1. Наиболее трагичная, но и наиболее очевидная из возможных ситуаций имеет место тогда, когда группа, которую правящее сообщество не способно ассимилировать, грубо вытесняется; то, что мы сегодня называем этническими чистками.

Но есть и другие случаи, когда дело не доходит до таких крутых мер, и тем не менее исключение тех, чья инакость угрожает господствующей идентичности, все же имеет место. Я склонен классифицировать навязывание включенности как вид исключения, что может показаться логическим жонглерством. Так, венгерское националистическое движение пыталось насильственно ассимилировать словаков и румын; турки отказываются примириться с тем, что на восточных границах страны проживает курдское меньшинство. Может быть, внешне это и не выглядит исключением меньшинства, но в действительности к исключению ведет. Логическая цепочка следующая: то, кем вы являетесь или себя считаете, для нас неприемлемо; поэтому мы вас переделаем.

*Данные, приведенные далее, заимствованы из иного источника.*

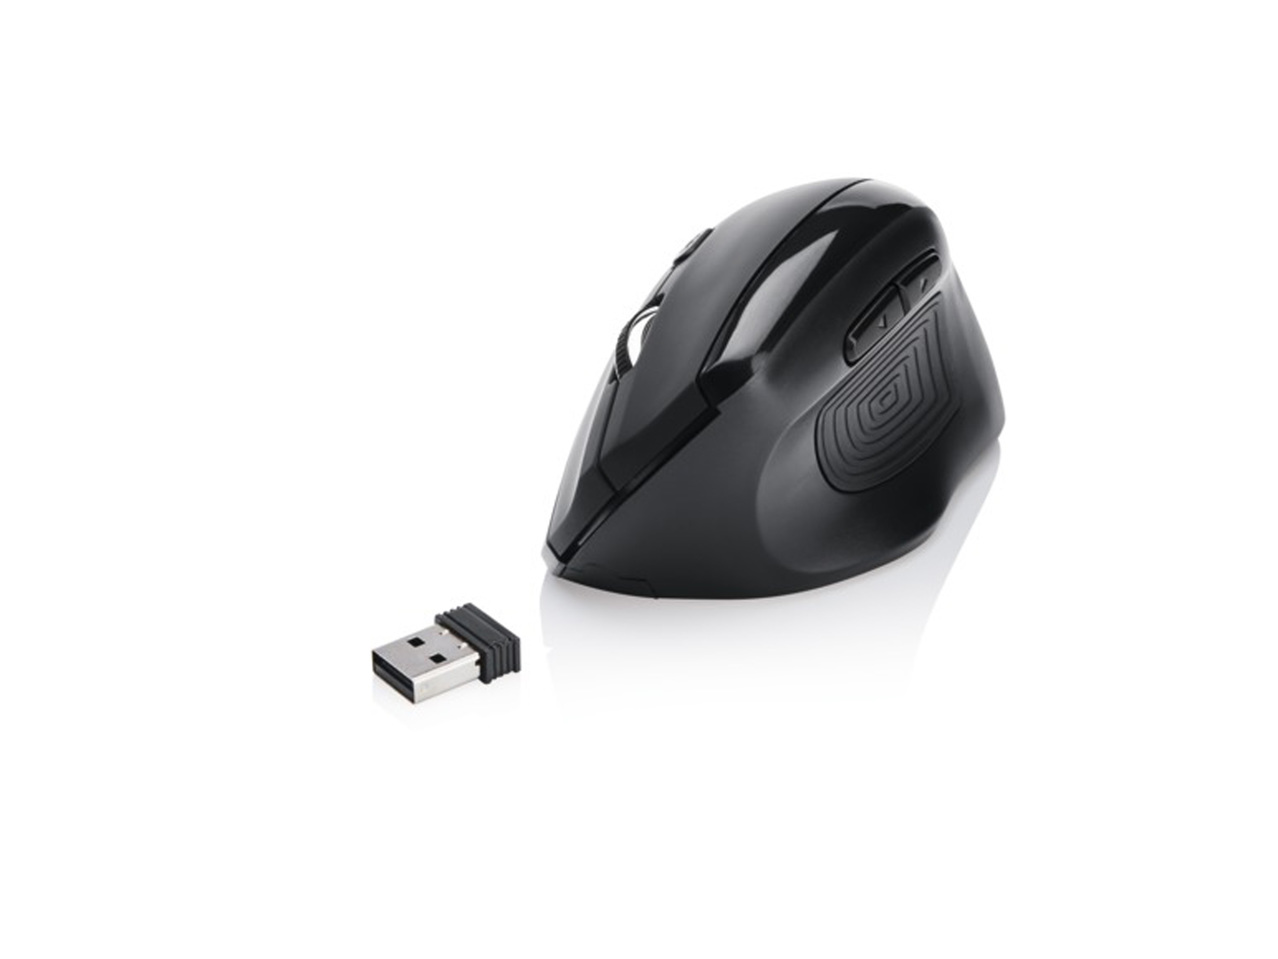 SILVERCREST Ergonomic Wireless Mouse

Или же исключение может принимать форму крючкотворства, как при режиме апартеида в Южной Африке, где миллионам черных отказывали в гражданстве на том основании, что у них, дескать, на самом деле есть другая «родина» — сопредельные ЮАР государства, гражданами каковых они и являются.

Все эти виды исключения мотивированы угрозой, которую для доминирующей политической идентичности представляют другие. Однако эта угроза имеет своим основанием тот факт, что суверенитет народа представляет собой господствующую идею легитимации нашего времени. Тяжело поддерживать откровенно иерархическое сообщество, в котором социальные группы очевидно ранжированы, а некоторые из них недвусмысленно маркированы как низшие или как подчиненные, по образцу строго и скрупулезно иерархизированной политической системы Оттоманской Империи.

Отсюда парадокс народов-покорителей более ранних эпох, что были вполне довольны сосуществованием с большим количеством субъектов чрезвычайно отличных от них самих. И чем больше их было — тем лучше. Первые мусульманские покорители империи Омейядов не ставили акцент на обращении в ислам подчинившихся им христиан, более того, они даже сами мягко противодействовали ему. При таком неравном соотношении древние империи очень часто представляют яркое напоминание о «мультикультурной» толерантности и мирном сосуществовании. До нас дошло множество свидетельств о сообществах (например, об империи Моголов при Акбаре), гораздо более просвещенных и гуманистичных по сравнению с государствами, что существуют на той же территории теперь.

Отнюдь не является случайностью то, что XX век стал веком этнических чисток: начало им положили Балканские войны, захватив десятилетия после Первой мировой войны, затем чистки приобрели невиданные, эпические масштабы во Второй мировой и до сих пор продолжаются. И это в одной только Европе!

Эпоха демократии ставит новые препятствия сосуществованию, ибо с ней возникает целый набор проблем, которые потенциально могут разделять граждан, и разделять глубоко — проблем, касающихся политической идентичности государства. Например, во многих регионах Индостана, там, где индуисты и мусульмане издавна жили бок о бок, подчиняясь единому гражданскому праву (даже допускающему известную долю синкретизма), теперь, как все мы знаем, идет жестокая война. Что же произошло? Самый популярный ответ отсылает нас к принципу британской внешней политики «разделяй и властвуй», или даже к британской мании переписи населения, которая, дескать, первая поставила вопрос о том, кто является большинством в том или ином регионе.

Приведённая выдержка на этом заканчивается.